Good Neighbours aims to make you uncomfortable RICHARD CROUSE METRO Published: May 31, 2011 5:00 a.m. Last modified: May 30, 2011
Good Neighbours is the second collaboration between Montrealers Jay Baruchel and director Jacob Tierney, following up last year’s high school comedy The Trotsky. Baruchel says their connection began because “we are both rabid Habs fans and movie nerds” but solidified on set.
“I embarrass him when I say this but he’s probably the best director I have ever worked with,” Baruchel said. “I don’t mean to take anything away from the guys I’ve worked with but I’ve never seen such an uncommon combination of definitive vision, open mindedness and an ability to let others contribute. That’s the key and that’s why we made an awesome movie.”

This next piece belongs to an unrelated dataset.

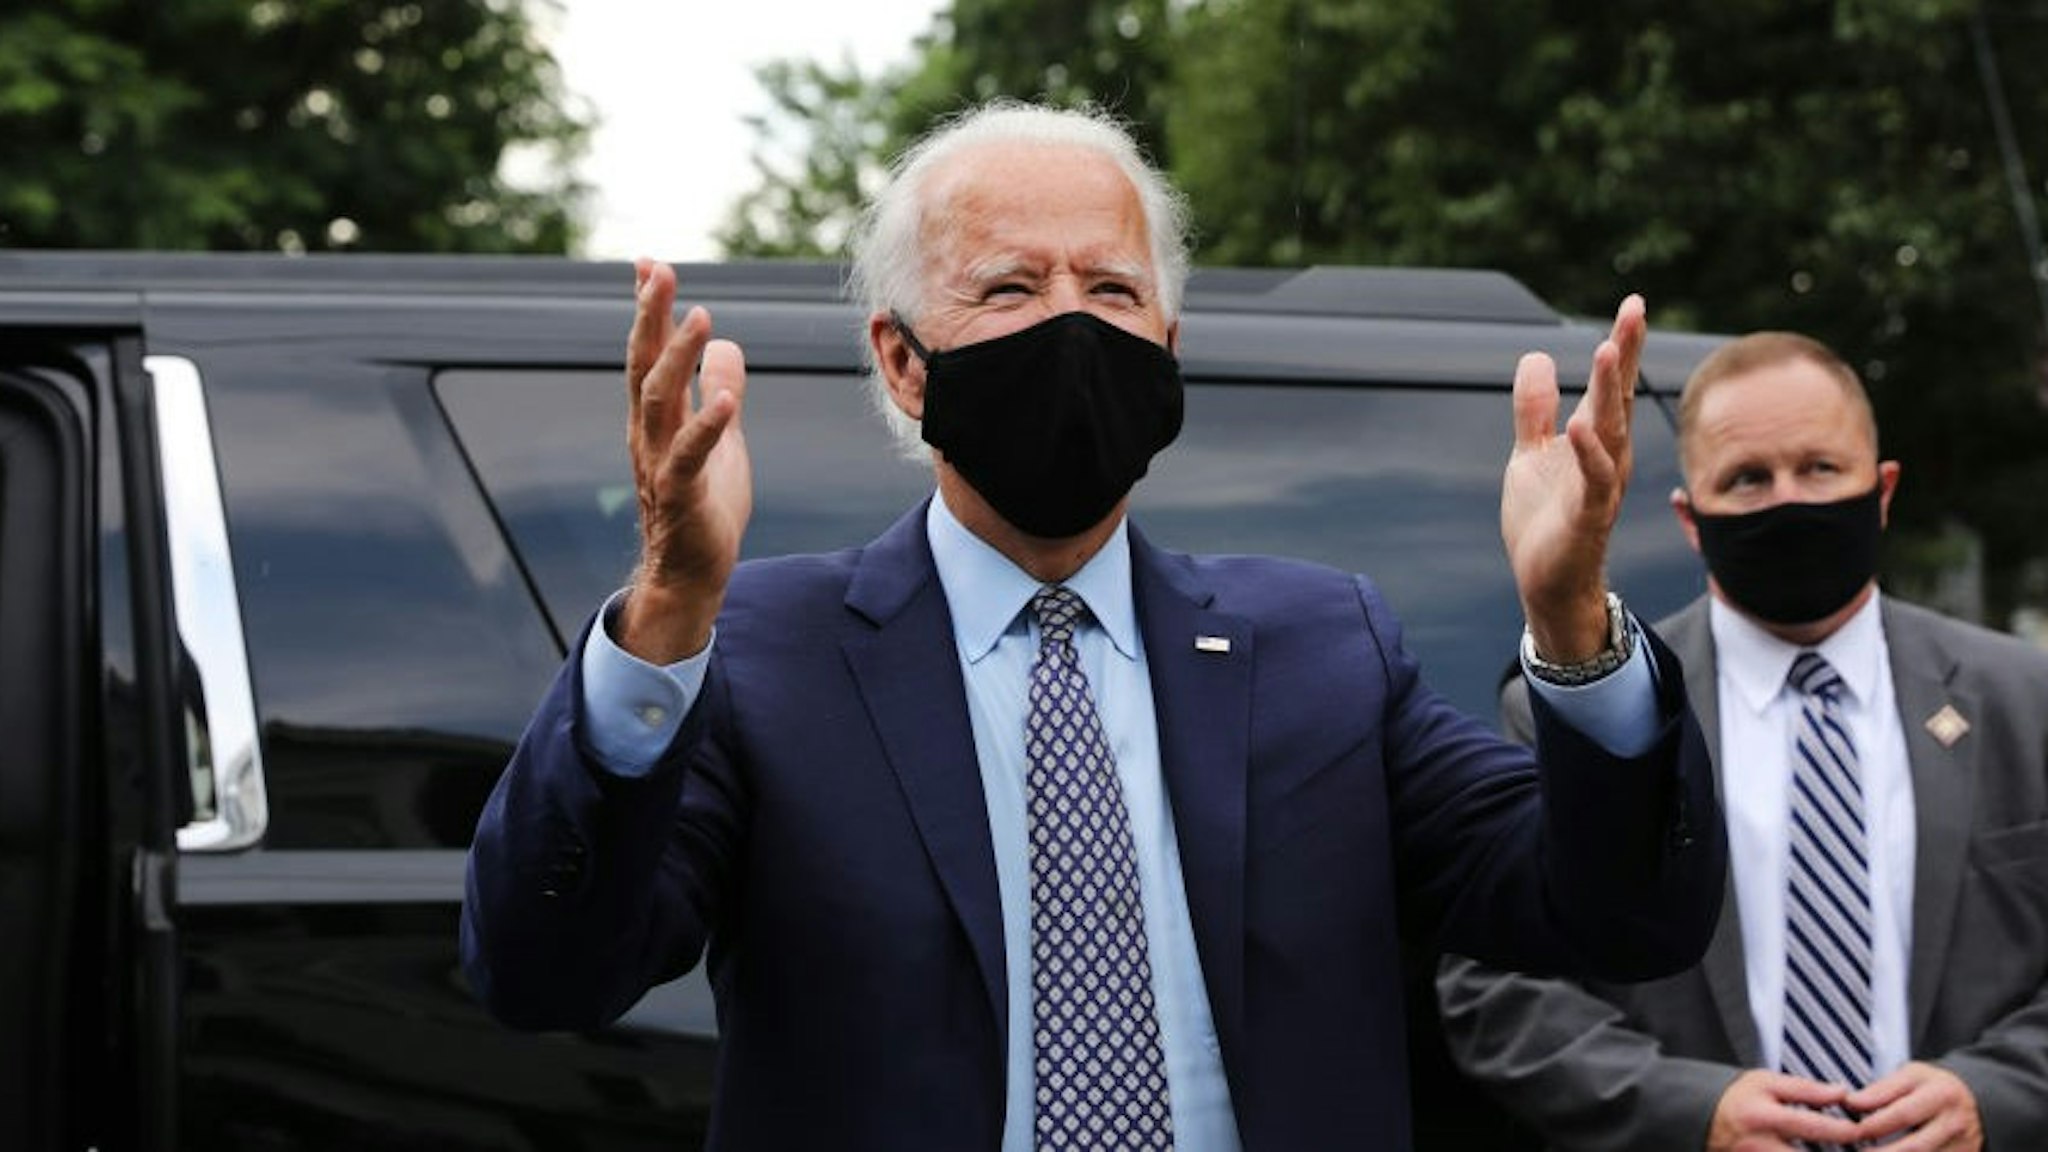 SCRANTON, PENNSYLVANIA - JULY 09: The presumptive Democratic presidential nominee Joe Biden stops in front of his childhood home on July 09, 2020 in Scranton, Pennsylvania. The former vice president, who grew up Scranton, toured a metal works plant in Dunmore in northeastern Pennsylvania and spoke about his economic recovery plan. With fewer than four months until the election, polls continue to show Biden leading in Pennsylvania which is a battleground state in the race for the presidency. (Photo by

Set in Montreal’s Notre-Dame-de-Grâce neighbourhood the movie mixes and matches Rear Window, Twin Peaks and, according to Baruchel, “a really uncomfortable sense of humour.”
Don’t expect the sunny Ferris Bueller optimism of The Trotsky. Good Neighbours involves three young Montrealers, the wheelchair bound Spencer (Scott Speedman), cat lover Louise (Emily Hampshire) and Victor, an earnest school teacher played by Baruchel. As their lives become entwined it becomes difficult for them — and the audience — to know who to trust. Good Neighbours also features a murder Baruchel calls “if not the goriest, then the most uncomfortable death scene in any movie this year.”
There’s that word again, uncomfortable.
“It will be polarizing,” says Baruchel, next seen in Goon, a hockey comedy he wrote and stars in, “but I think this movie really gets under your skin.”
It’s also the kind of movie that probably wouldn’t easily find funding in Hollywood.
“The main reason this would never get made stateside is that it leaves too much up to the audience,” says Baruchel. “The studios don’t like that. They like to kind of give you a road map and let you know when you are supposed to be sad or happy and who you are meant to root for. Some people will say that my character is so lovely and sympathetic and others think he’s really creepy. Your life will inform how you see our movie.”